- Uber and Lyft reported strong results in their most recent earnings, but their stocks continue to slide.
- Investors say they’re worried about driver shortages and potential regulation, among other issues.
- Analysts say it will take some time for the companies to overcome headwinds.
- See more stories on Insider’s business page.
Uber and Lyft both made strong cases to the market last week that their businesses, battered by the pandemic last year, have turned a corner in 2021.
The companies saw ridership plummet early in the pandemic amid worldwide lockdowns, but are now avatars of the recovering US economy. Lyft’s revenue was up 7% from the previous quarter; Uber’s gross bookings in the first quarter was the best in the company’s history. And losses for both are down dramatically.
But despite earnings that confirmed the positive financial outlooks, investors haven’t responded the way you’d expect. Both Uber and Lyft saw their stocks decline after their reports came out to continue a downward slide. The stocks have lost 20% of their value in the last month, suggesting that recovery for Uber and Lyft is going to be much bumpier than it seems.
There are a few reasons for the sagging stock prices, analysts tell Insider. Monthly ridership is uneven, suggesting some riders are still wary of getting back on the apps. Drivers, too, haven’t returned to the apps. Uber and Lyft are also dealing with some regulatory worries, including recent comments by Biden administration officials that could signal another fight over worker classification.
It makes for a tricky time for the ride-hailing companies. Analysts remain bullish about their businesses overall — some even argue that we could see the share price for Uber double in value over the next 12 months. Yet the concerns that have weighed on the stocks could also persist, and their underlying causes may not go away soon.
“Ridesharing is recovering, but it’s at a relatively slow pace,” Mark Mahaney, an analyst at Evercore ISI, told Insider. “I still think the risk-reward is positively skewed here for these companies.”
The choppy nature of the recovery has clouded what is otherwise a bright picture. In one sense, both companies showed impressive turnarounds in the first quarter, and showed the clearest signs yet that Uber and Lyft may have weathered the worst economic effects of the pandemic. In the US and Canada, Uber did $1.9 billion in revenue, which isn’t too far below the revenue during the period last year of $2.1 billion.
But Uber’s successful quarter is not necessarily a strong sign for its core ride-hailing app. Its business has flipped heavily toward Uber Eats , with almost two-thirds of its revenue during the first quarter of 2021 coming from delivery, compared to 16% in the same period last year.
Improvements in their ride-hailing businesses will also not be a straight shot upward. For example, Lyft CEO Logan Green noted during the company’s call with analysts that the number of rides people took in April was actually down compared to March. Green chalked it up to typical seasonality, but Mahaney and other analysts noted it was a bit unexpected to see typical seasonality affecting a business that should be broadly improving amid a reopening of the economy and widely deployed vaccines. Lyft executives did note that they expected more drivers to come back in the coming weeks, which would result in ridership increasing in May and June.

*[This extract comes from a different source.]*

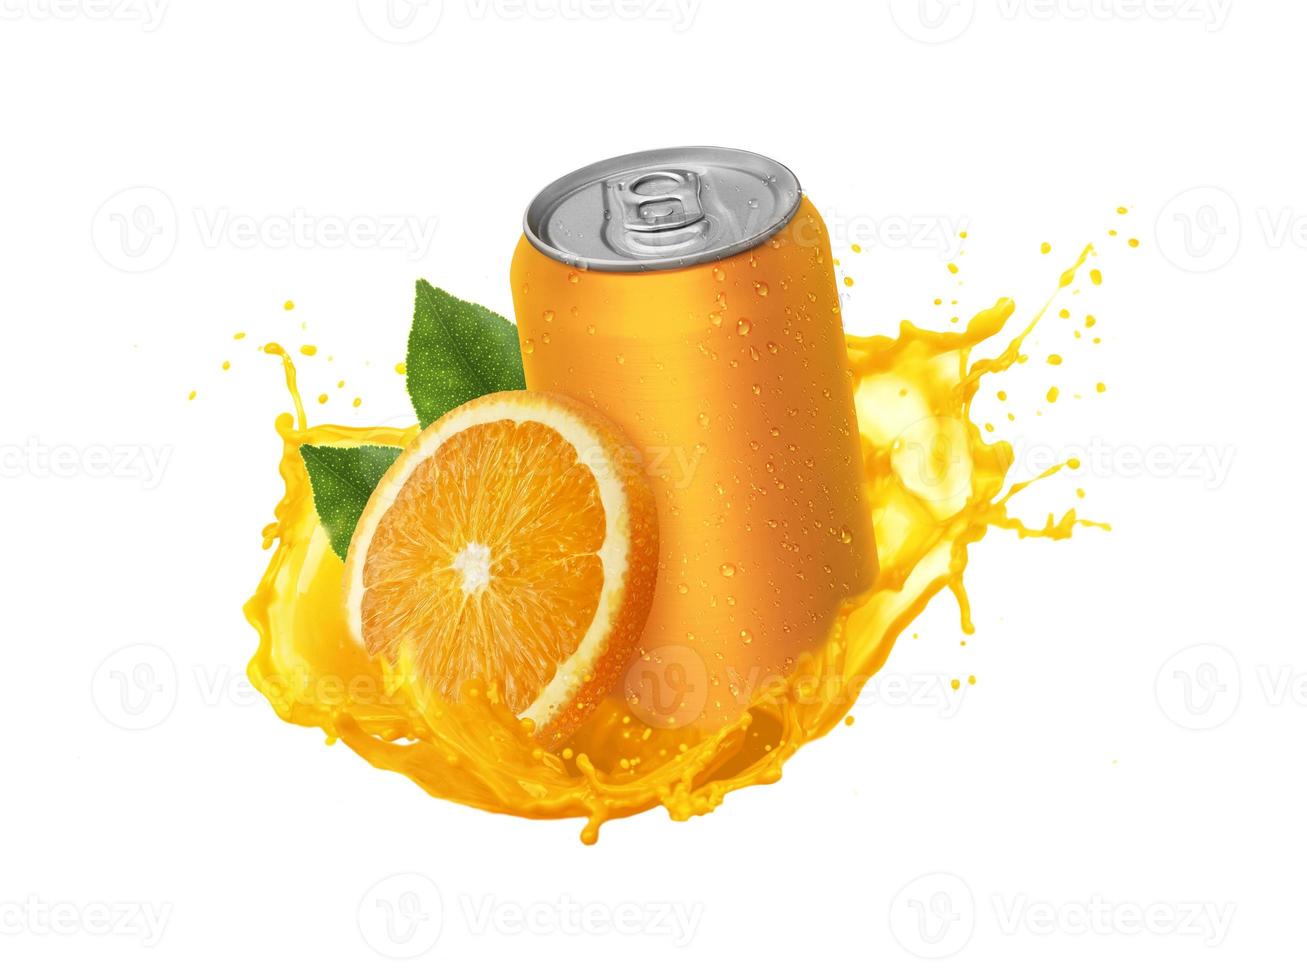 lata de refresco de naranja de aluminio con frutas, sobre fondo blanco, retoque fotográfico de jugo de naranja foto

Another issue is the specter of labor regulations. Late last month, US Labor Secretary Marty Walsh commented in an interview with Reuters that he believed gig workers should be classified as employees in “a lot of cases.” While the secretary didn’t comment specifically on any ride-hailing or delivery companies, shares of Uber, Lyft and DoorDash plummeted after his comments, some around 10% or more.
The worry was enough for Uber to take the unusual step of bringing its chief legal council, Tony West, onto the earnings call last week to try and assuage investors. It may have had the opposite effect; analysts peppered West with questions about Uber’s ability to fend off regulation. Despite the solid quarter, Uber’s stock was down 5% in after-hours trading. It has continued to slide along with the rest of the market.
Analysts noted that Uber and Lyft’s stocks also reflect a larger bear market for the tech index, caused by worries about inflation, rising interest rates, chip shortages, and a weak jobs report in April. That last point is particularly acute for the Uber and Lyft, which have struggled to lure enough drivers back to their platforms to meet demand. Both Uber and Lyft executives spoke at length about the high demand from riders causing fares to spike, and in turn giving drivers big payouts.
Executives hoped that the lure of these big fares will be enough to fix that supply problem.
Green, the Lyft CEO, also said on last week’s earnings call that pandemic assistance programs, like expanded unemployment benefits, had caused headwinds for the company. He suggested that the end of those programs in the fall would likely alleviate some of the company’s problems.
The companies’ financial futures will be much clearer later this year. Both Uber and Lyft spent the pandemic offloading high cost businesses like self-driving technology units. That has cut down on their cash burn considerably. Lyft’s cash burn was down 60% in the quarter compared to last year.
Both companies say that later this year they should be posting profitable quarters. And analysts are expecting that once they cross that threshold they won’t be returning to their money losing days. Hitting that mark will go a long way to justifying the bullishness from analysts that these businesses are as strong as they seem.
If not, Uber, Lyft and the rest could be in for a bumpy ride.